Marcus Pratt comments, brands seeking to avoid association with politically biased or fake news content

By February 24, 2017News

Digiday reported recently that Brands are actively reaching out to their media buying agencies to ask to blacklist Breitbart from their ad rotations, as new focus is shined on the hard-right site.

“We have had some clients asking if we can ensure their ads do not run on Breitbart or other specific websites, and we have proactively reached out to others to let them know our options when it comes to blocking specific properties and allowing them to review our blacklist,” said Marcus Pratt, VP of insights and technology at Mediasmith.

For reference, here’s Mediasmith’s latest list of blacklisted sites, which is used for clients that would prefer a blacklist approach. It includes Breitbart along with dozens of “fake news” sites and even the Drudge Report. Clients can obviously tweak this selection.

It’s a shift from a few months ago, when, as Digiday reported, brands started coming under fire on Twitter and other social media for having ads appear on Breitbart. In response, many of them did pull ads, including major advertisers like Allstate and Modcloth. In that case, many brands had no idea that the convoluted digital ad ecosystem was placing their ads on Breitbart, through retargeting or audience targeting. Many even went as far as to point that out. For example, in a Twitter message to one complaint, Allstate said, “Unfortunately, the nature of internet buys is such that we are unable to receive full disclosure with regards to all of the websites on which our advertising may run.”

But now, brands, cognizant of the media spotlight on Breitbart — whose former chairman, Steve Bannon is in a top role in the Donald Trump administration — are on the offensive. Former Breitbart news editor Milo Yiannopoulos has also been in the news for provocative news appearance, including two recently unearthed clips with him appearing to be sympathetic to pedophiles, part of the continued newsstorm around the site.

In some cases, brands are also reaching out to buyers at agencies directly.

“We have clients that have asked specifically about [Breitbart] or sites like it,” said Oscar Garza, global director of media activation at Essence, which works for clients including HP, Target and Visa. “The discussion has been somewhat around the threshold that potentially pushes it into the hate speech category. Some brands have taken a stance of being beyond reproach.”

BuzzFeed News recently reported that it had obtained an email from Omnicom’s OMD’s Australian shop saying that global clients (its roster includes McDonald’s, Apple and Unilever) have asked to block Breitbart. The line drawn can be fuzzy. For instance, Mediasmith’s blacklist includes outright fake sites with satire outlets like Borowitz Report and conservative-leaning destinations like RedState.com.

At GroupM, head of brand safety John Montgomery said that there is certainly more attention on Breitbart and other politically risky sites both on the right and left. He said he has five to six conversations a week with global clients about what is being done to keep brands safe. “There is no doubt there is heightened awareness, and often the reputation damage is more imperative.”

It’s a departure: In the past, it was more of clients or CMOs telling agencies they’d seen their ads somewhere they didn’t like.

Garza said that the agency wants an even hand. For one, it doesn’t want to “unfairly punish publishers,” and, secondly, it wants efficiency.

There are generally two methods open to big brands.

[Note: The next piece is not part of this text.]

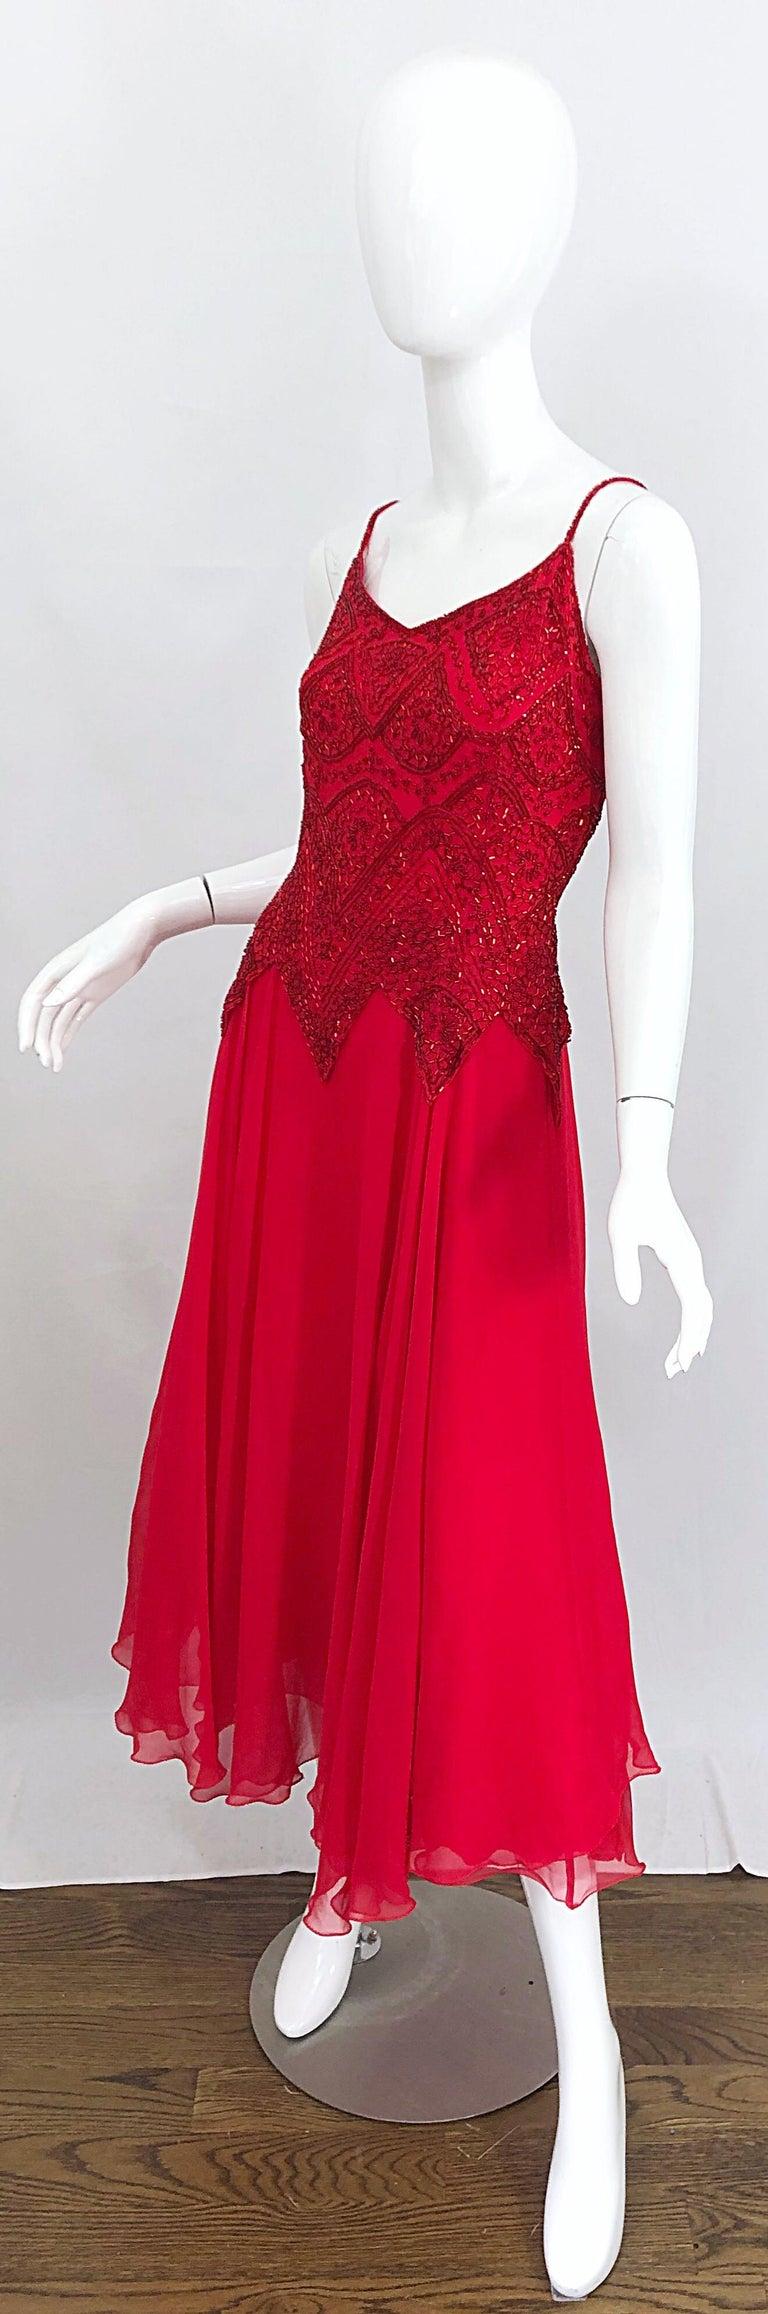 1970s Oleg Cassini Size 10 / 12 Red Silk Chiffon Beaded Handkerchief Midi Dress For Sale 6

One is a whitelist approach, where ads will only run on a bunch of sites (numbering into the thousands) that are pre-approved. Buyers say that does limit scale and increase costs, but it is the safest way. It’s also relatively inefficient. Alternately, brands can have a blacklist approach that blacklists certain sites. That is less effective and less perfect.

At Essence, Garza said in cases like this that make their “ears perk up,” the agency triggers internally a pow-wow between relevant executives that essentially says, “here’s a piece of inventory that they need to be thinking about.” Recently, one was about extreme political news in the Middle East; prior to that, political news in the U.S.  The idea is to jot down some ideas and present to clients.

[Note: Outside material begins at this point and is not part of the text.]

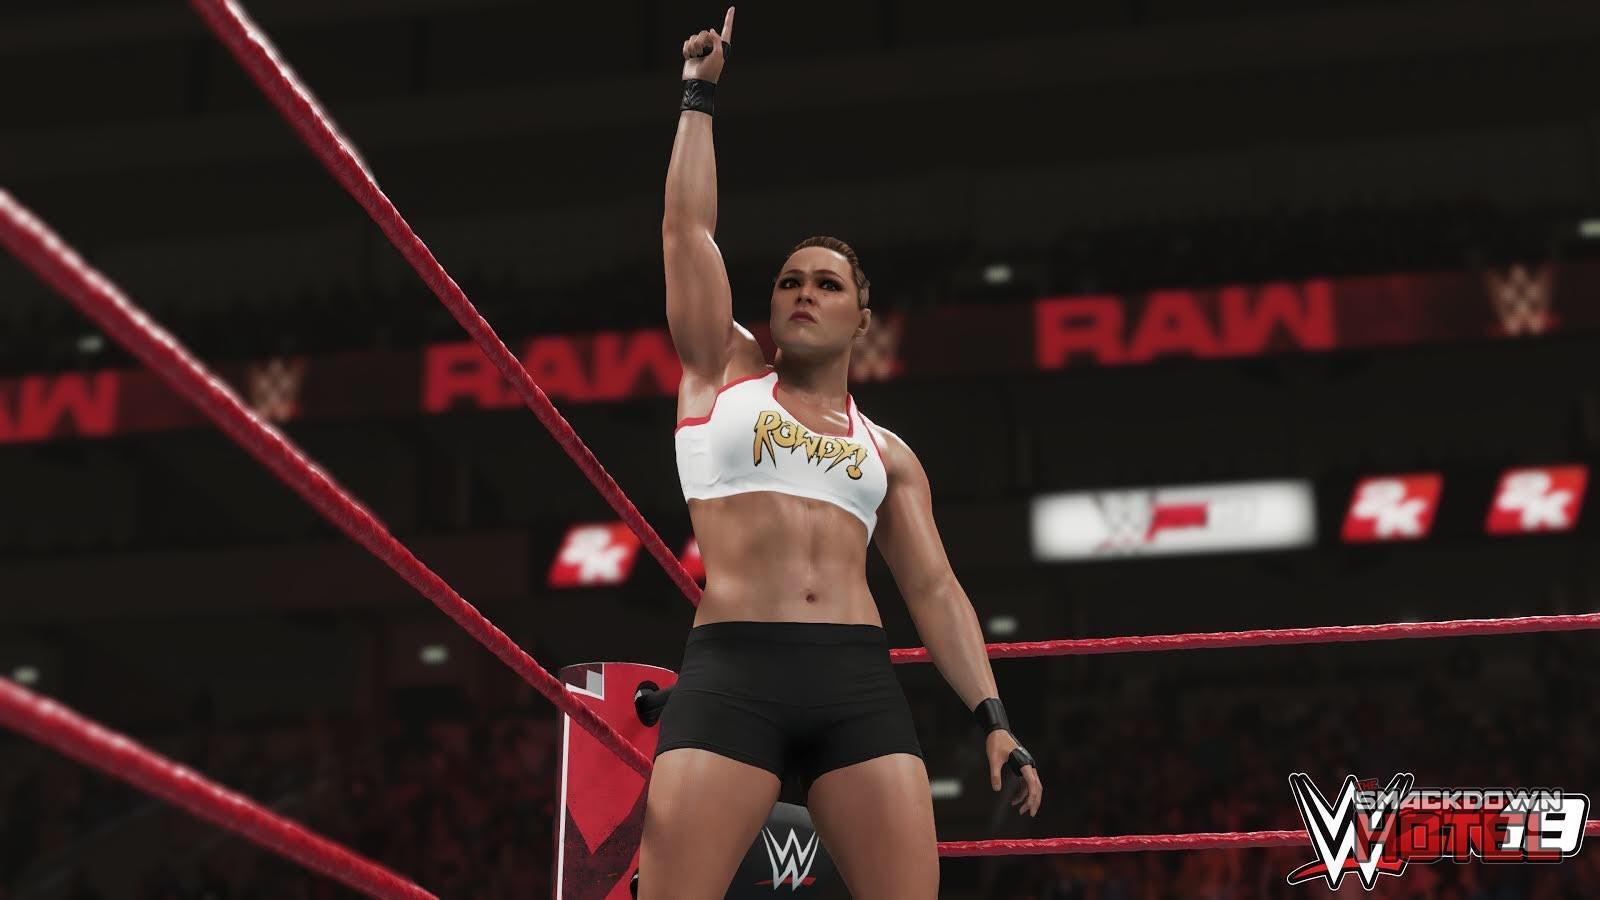 WWE2K19_Ronda_Rousey_Raw-15292-1080.jpg

Montgomery of GroupM said that after the election, the agency went to DoubleVerify and Integral Ad Science to create a new category of risky sites that can be selected for a blacklist. “When the press hit on Breitbart, senior media clients said, ‘What are we doing? Are we covered?’” he said. No CMO wants to get a call from their managing directors asking about this, he said.

Garza said that increased consumer attention to what ads appear on sites they don’t like drives a lot of action. Much of the early action was spurred by a Twitter account called Sleeping Giants, which encouraged people to take screenshots of ads on Breitbart and tweet it at the brands. According to the account, 1,131 brands have to date confirmed that they’ve blacklisted the site.